Other health systems have begun “clustering multiple physicians and medical specialties such as urgent care centers and dialysis clinics in suburban shopping centers convenient for both physicians and consumers,” the report states. Technology, too, is a driver of the movement of medical services out of the hospital and into outpatient and retail settings “as treatments and diagnostics such as digital imaging have become more mobile.”

There's another, more literal aspect of retailization cited in the report, and that's the greater involvement of actual retail stores. “Changes in healthcare are attracting new participants to the space, notably pharmacies and grocery stores offering basic services such as vaccinations and treatment for common, non-acute illnesses,” the report states. Such walk-in clinics can provide convenient care, generally at a lower cost than a traditional doctor's office or urgent care center, as well as transparent pricing.

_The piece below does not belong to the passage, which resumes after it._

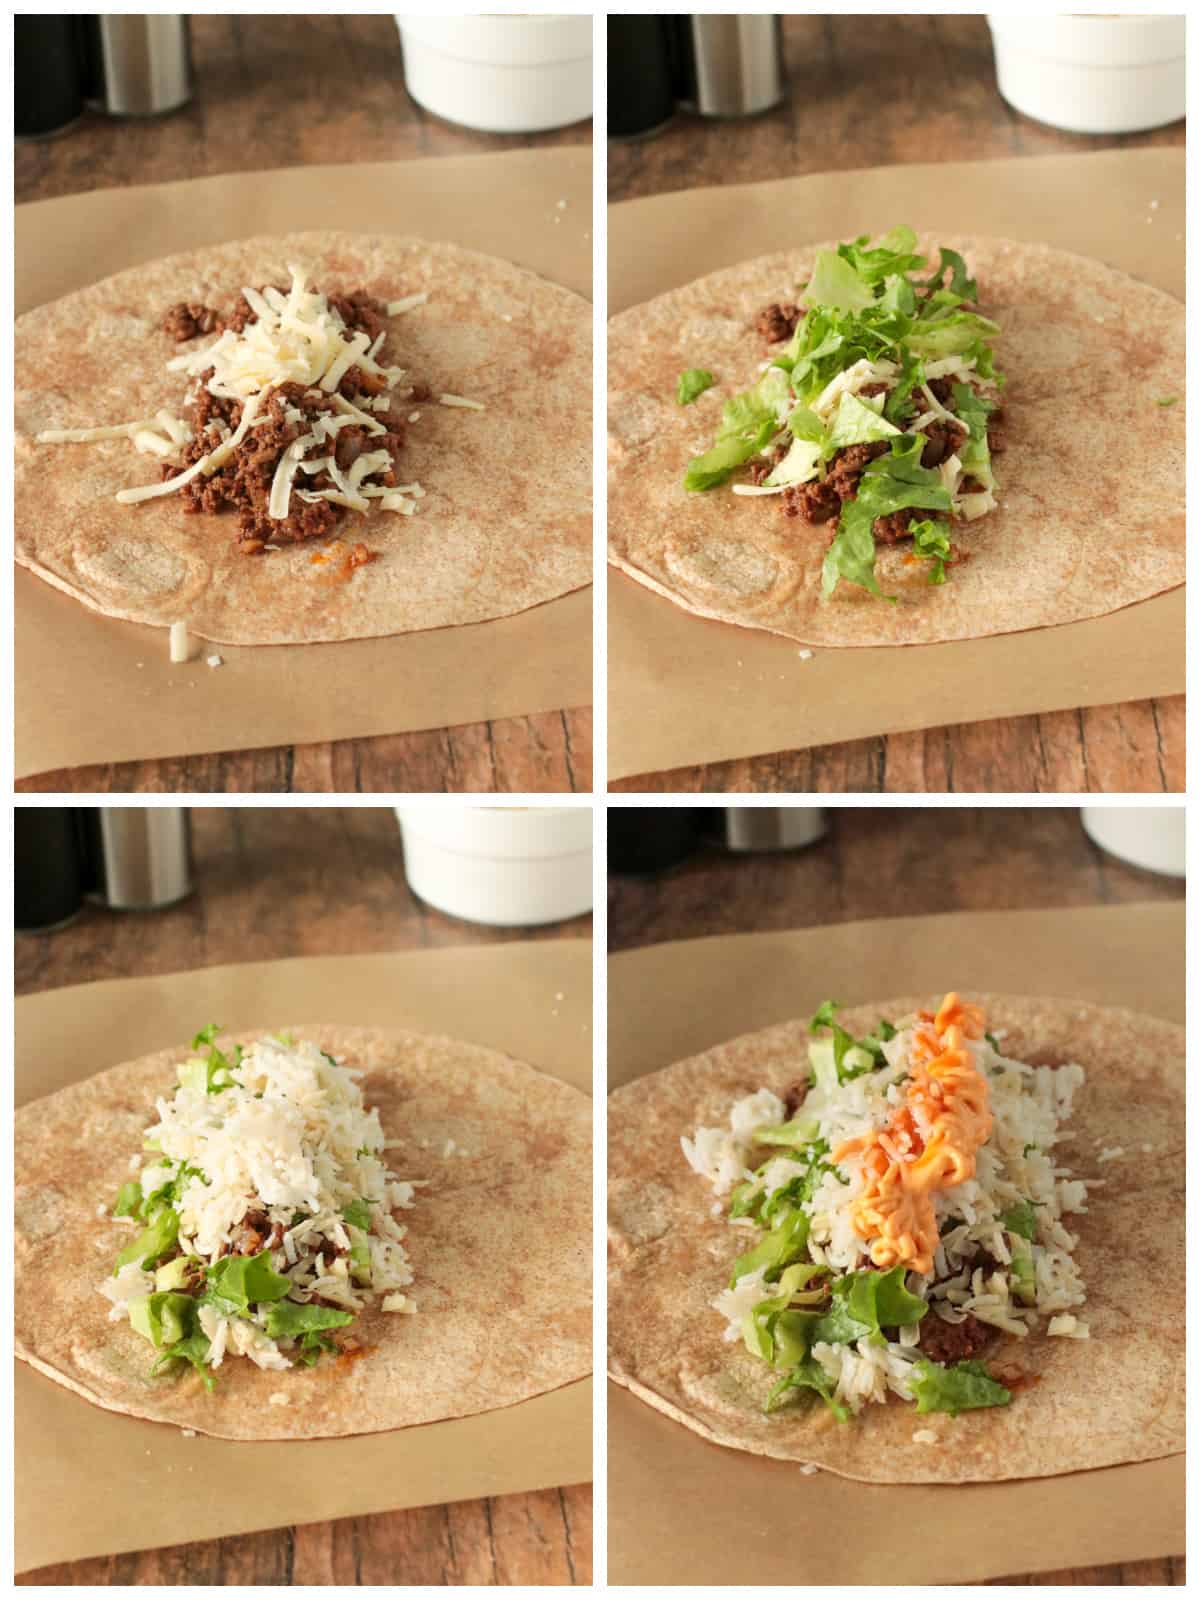 A collage showing the different fillings for the tortilla wraps.

Further, Colliers notes that some hospital systems have begun partnering with retail clinics to provide low-acuity services to existing patients at a lower cost, with the MOB report citing Texas Health Resources' mid-2014 announcement of an alliance with multiple DFW-area CVS Minute Clinics. “Minute Clinics is the current leader in the retail clinic market with over 900 locations and 600 more planned through 2017,” the report states. Kaiser Permanente, California's largest HMO, also recently announced a partnership with Target to open clinics in several of its Southern California stores “with plans to expand into other states in which Kaiser operates.”